Estos ejemplos son los más sencillos, pero hay que pensar que la energía ha
permitido adelantos como la luz artificial, la electrónica, las ondas de radio, los
aparatos médicos... con infinitas ganancias de productividad. Es evidente, pues, la
relación entre nuestra vida moderna y la energía.

Pese a la evidencia de esta correlación entre bienestar y energía, nos hemos


acostumbrado a no darle el valor adecuado. A base de ver la energía como si fuera
un artículo cualquiera, la hemos despreciado.

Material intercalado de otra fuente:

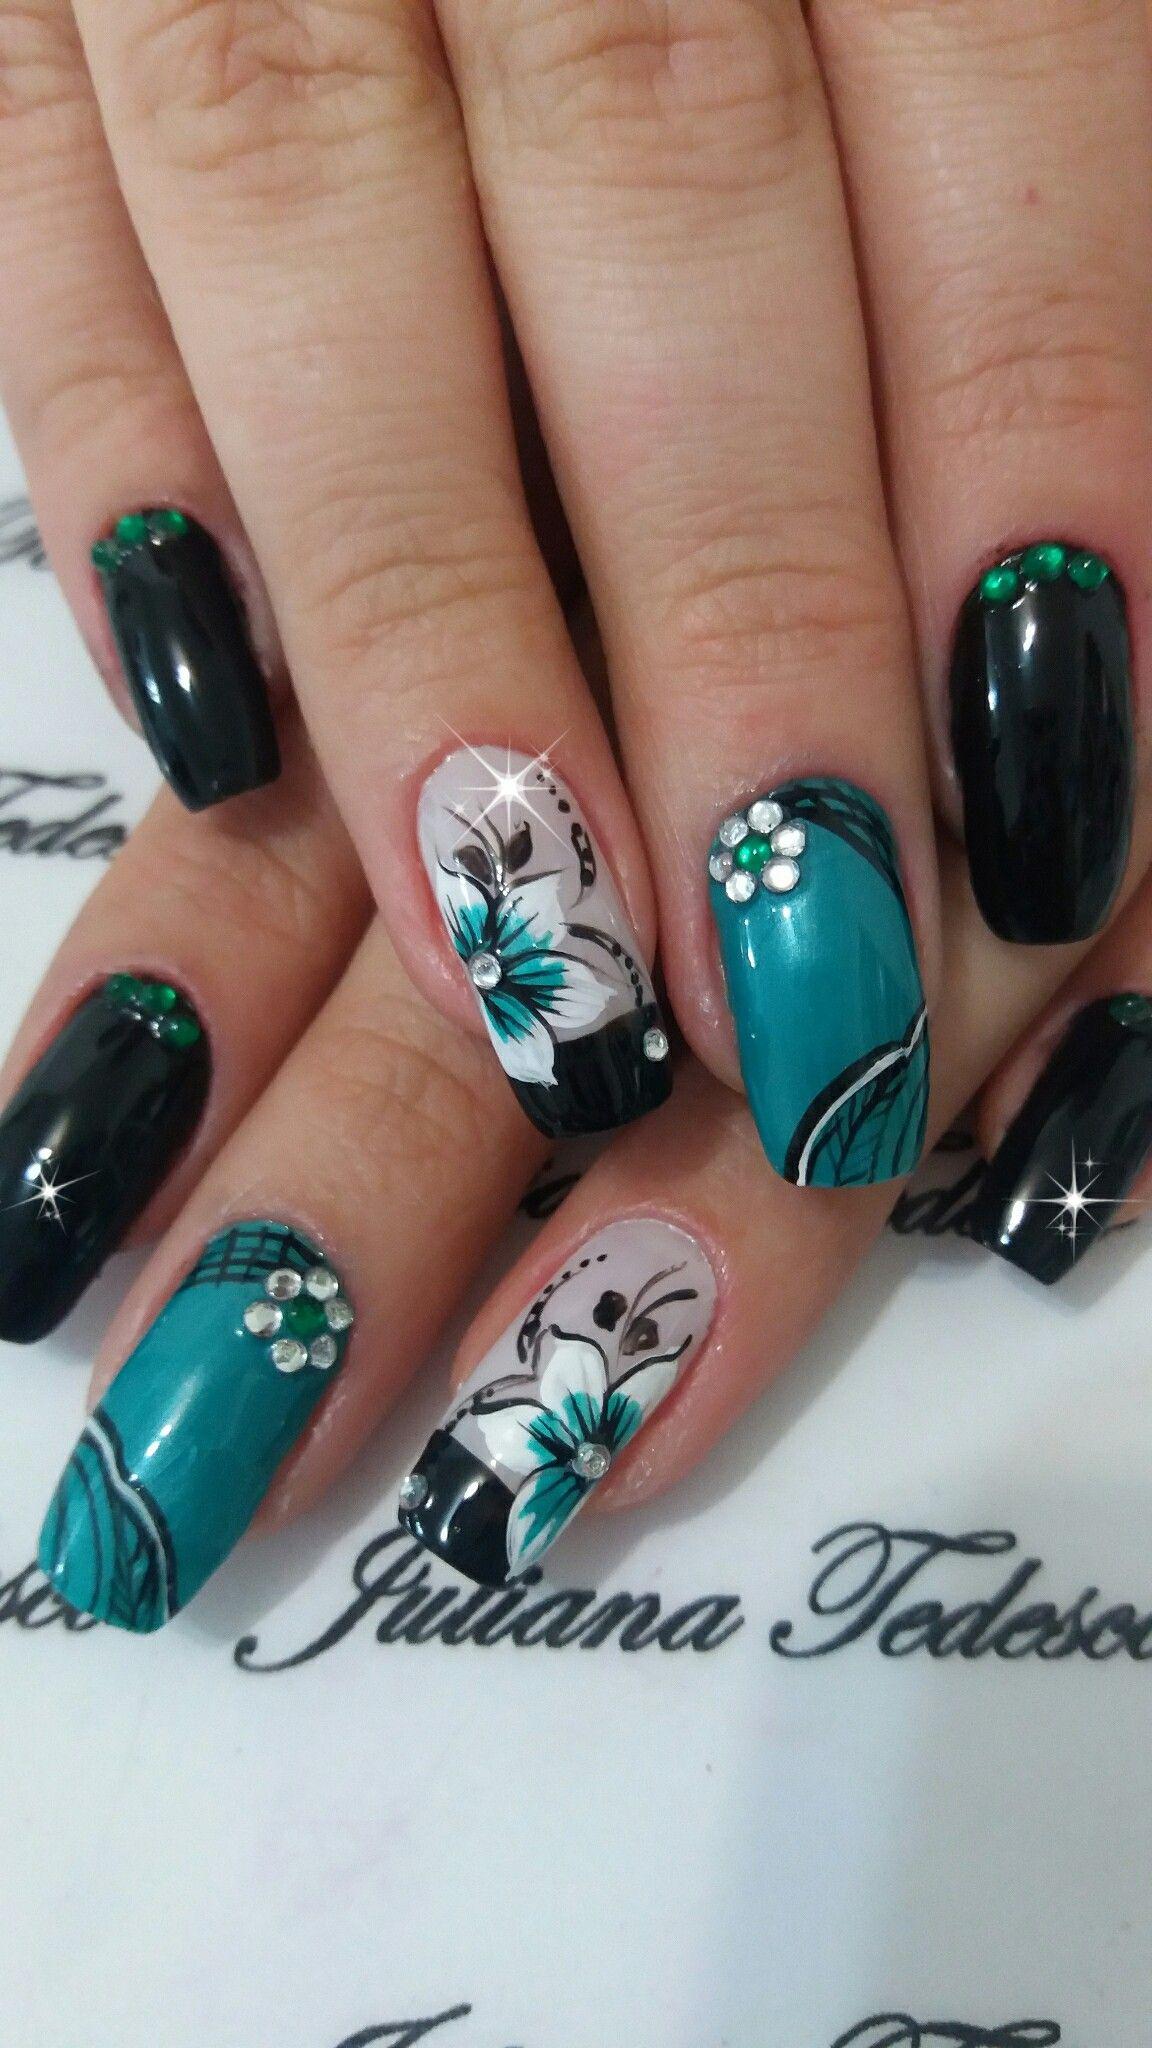 teal white & black nails nail

En los ejemplos anteriores vemos que
la energía debe ser, como mínimo, 8, 10 o 20 veces más cara de lo que es. Nos
hemos acostumbrado a pagar un euro por un café, o 1,40 por una lata de Coca-Cola
y, cuando tenemos que pagar 1,30 euros por un litro de gasolina, nos quejamos de
que es cara, aunque nos permite una ganancia notable en bienestar. En cambio, no
nos quejamos del precio del café o de la Coca-Cola que no nos aportan
absolutamente nada. Nos hemos acostumbrado a valorar cosas banales y a
desvalorar cosas importantes, echándolo todo al mismo saco. Es hora de deshacer
tanto lío y de rehacer el valor de las cosas. Ha hecho falta que se agote la fuente
principal de energía, el petróleo, para que el mercado empiece a cambiar su orden de
valores.

LA NUEVA sociedad será la de la inteligencia. Inteligencia entendida como lo que


permitirá dar el valor que corresponde a cada cosa, el justo. La sociedad de la
abundancia frugal. Por ejemplo, la que nos llevará a no comer más calorías que las
que necesitamos a diario, la que evitará coger el coche (con un consumo que va de
0,63 kilovatios hora por kilómetro (kWh/km) a 1,30 kWh/km) cuando podemos ir en
bicicleta (con un gasto de 0,02 kWh/km), a pie (0,04 kWh/ km), en tren (0,10
kWh/km) o en autobús (0,16 kWh/km). El bienestar no es proporcional a la
condición de tener. Las relaciones humanas son una reserva de gozo infinitamente
más importante. El camino que se divisa a partir de la crisis de las materias primas y
de energía es un camino de moderación, que devuelve el equilibrio a la naturaleza.